Nadie puede ser forzado a asistir a quien desea la eutanasia, no obstante, no habría nada
de moralmente objetable en el personal voluntario que participa de ella.
Permitir que alguien fallezca de algún padecimiento del cual no es consciente y que no
puede ser curado, es consentir que la enfermedad sea quien ocasione la muerte. El
propósito de consentir la muerte es por compasión y no por desear la muerte, mientras que
la intención de la eutanasia activa es proponer la muerte como medio para ejecutar la
compasión.
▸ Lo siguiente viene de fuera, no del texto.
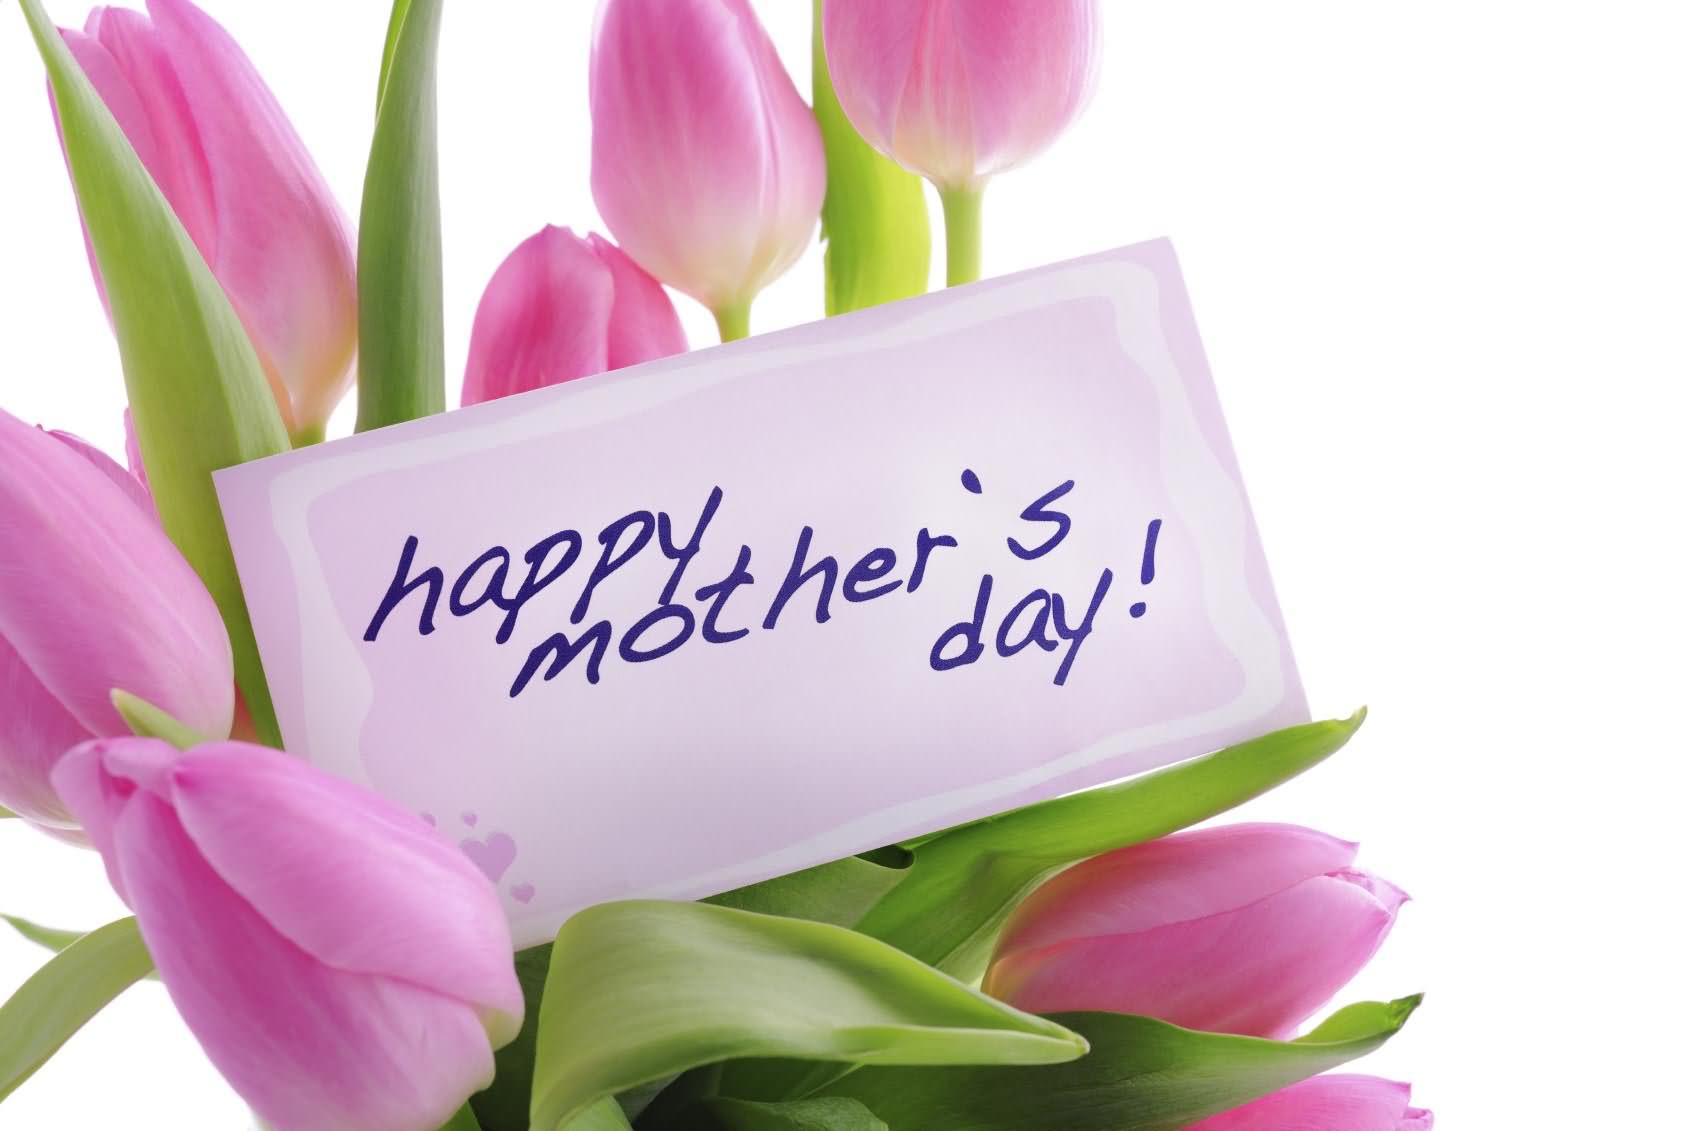 Happy Mother’s Day Greeting Card With Flowers

Continuar el tratamiento de un enfermo cuando no hay esperanzas de curación
es una forma innecesaria de hacer sufrir al paciente.
El escoger el tratamiento o el dejarse morir no puede decidirse con absoluta certidumbre,
simplemente porque no existe una relación estricta y específica entre la causa y la
enfermedad. Nuestro conocimiento de una realidad empírica es siempre aproximado,
probable. No podemos exigir al médico un grado absoluto de seguridad en sus decisiones,
por lo tanto, el enfermo está en su derecho de continuar con un tratamiento que es
considerado ineficaz, ya que no existe una certeza absoluta. Para que una acción de omisión
sea eutanásica, el tratamiento omitido o discontinuado debe haber sido considerado útil
por la profesión médica.
El derecho a la vida, ese que es puesto como el primer y fundamental derecho y que todos
poseemos, no es un derecho intocable, tampoco es un derecho absoluto y menos un deber.
Puesto que me sumo a las tesis expuestas por quienes sostienen que el primer y más
importante de nuestros derechos, del que somos titulares todos los seres humanos, es el
de autonomía, el de la libertad y que ese es a su vez el definitivo fundamento de lo que, de
forma aproximadamente retórica, denominamos dignidad.